Posts Tagged ‘Thomas J. Sargent’

Economics Nobel goes to Sargent and Simms as one financial crisis is followed by the next

October 10, 2011

This year’s Economics Nobel has been awarded to Thomas J. Sargent,  William R. Berkley Professor of Economics and Business, New York University and Christopher A. Sims, Harold B. Helms Professor of Economics and Banking at Princeton University, “for their empirical research on cause and effect in the macroeconomy”.

Press Release:

Considering the financial troughs and valleys of the last decade one would be justified in thinking economics to be a “black art” rather than a science. Economists blame greedy bankers and profligate and irresponsible governments (read politicians) while the bankers and speculators blame the inaccurate and arrogant economists and their flawed models. Alan Greenspan was a darling of the right and is now seen as being one of the key individuals responsible for the sub-prime fiasco. Paul Krugman, a noted critic of George Bush, won the Nobel prize in 2008 for his work (or perhaps his obsession) with international trade. Yet his solutions for the sub-prime crisis seem simplistic, have been heavily criticised and don’t seem to work.

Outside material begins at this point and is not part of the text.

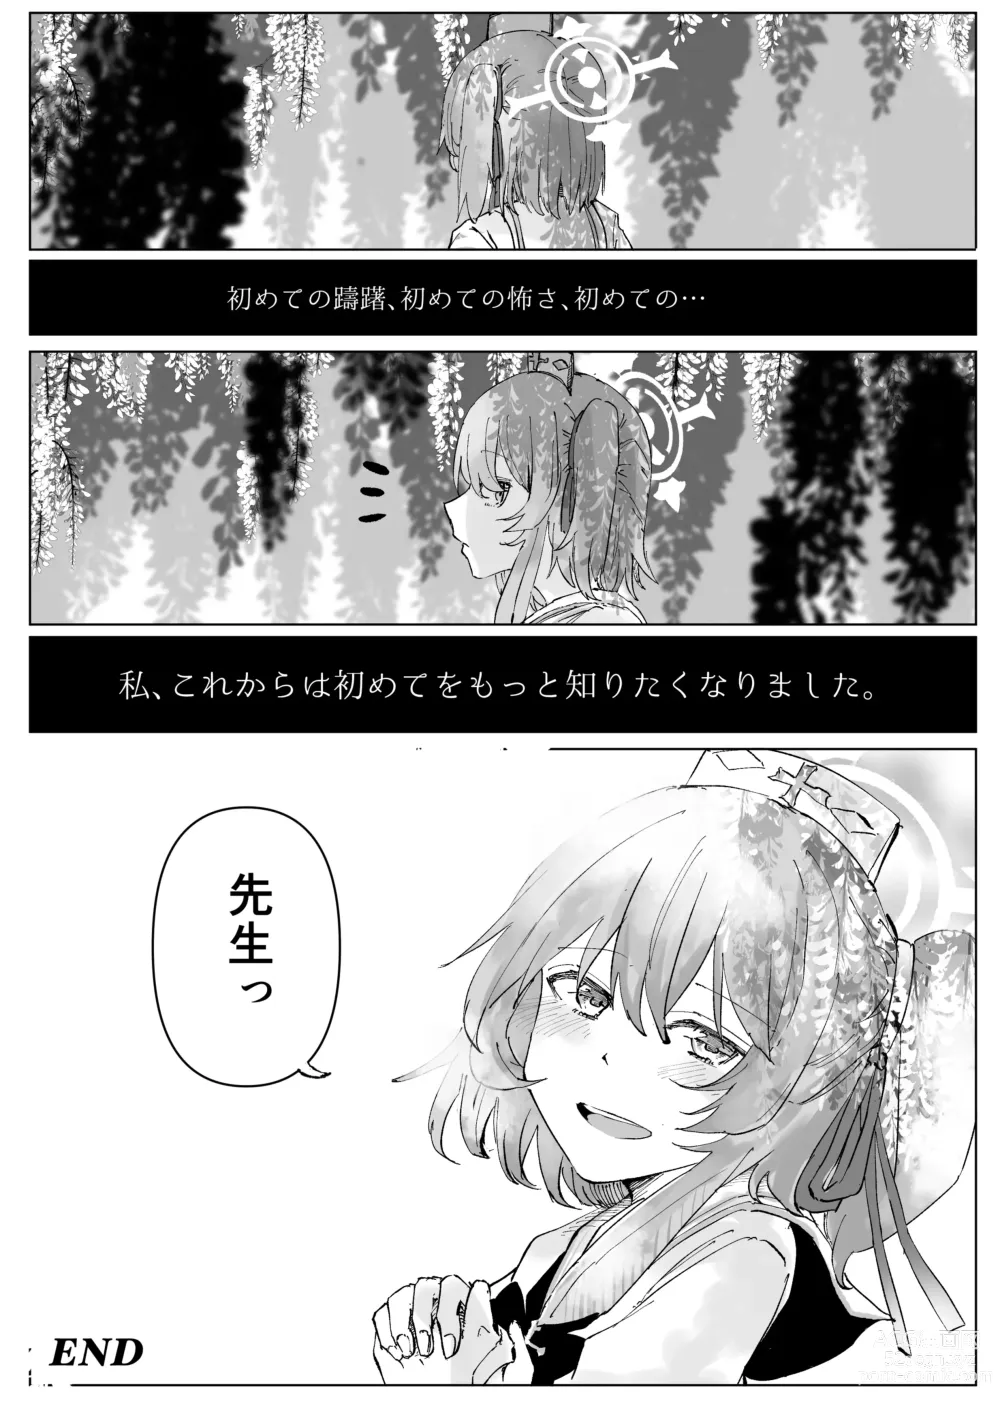 Page 52 of doujinshi Fujiyoi

There is a school of thought that Economics should never have been elevated to the status of the Nobel prize.  It is not one of the Nobel Prizes established by the will of Alfred Nobel in 1895, but is commonly identified with them. Officially it is the Sveriges Riksbank Prize in Economic Sciences in Memory of Alfred Nobel and was first awarded in 1969.

In his speech at the 1974 Nobel Banquet Friedrich Hayek stated that if he had been consulted whether to establish a Nobel Prize in economics he would

“have decidedly advised against it” ….  primarily because “the Nobel Prize confers on an individual an authority which in economics no man ought to possess. .. This does not matter in the natural sciences. Here the influence exercised by an individual is chiefly an influence on his fellow experts; and they will soon cut him down to size if he exceeds his competence. But the influence of the economist that mainly matters is an influence over laymen: politicians, journalists, civil servants and the public generally.”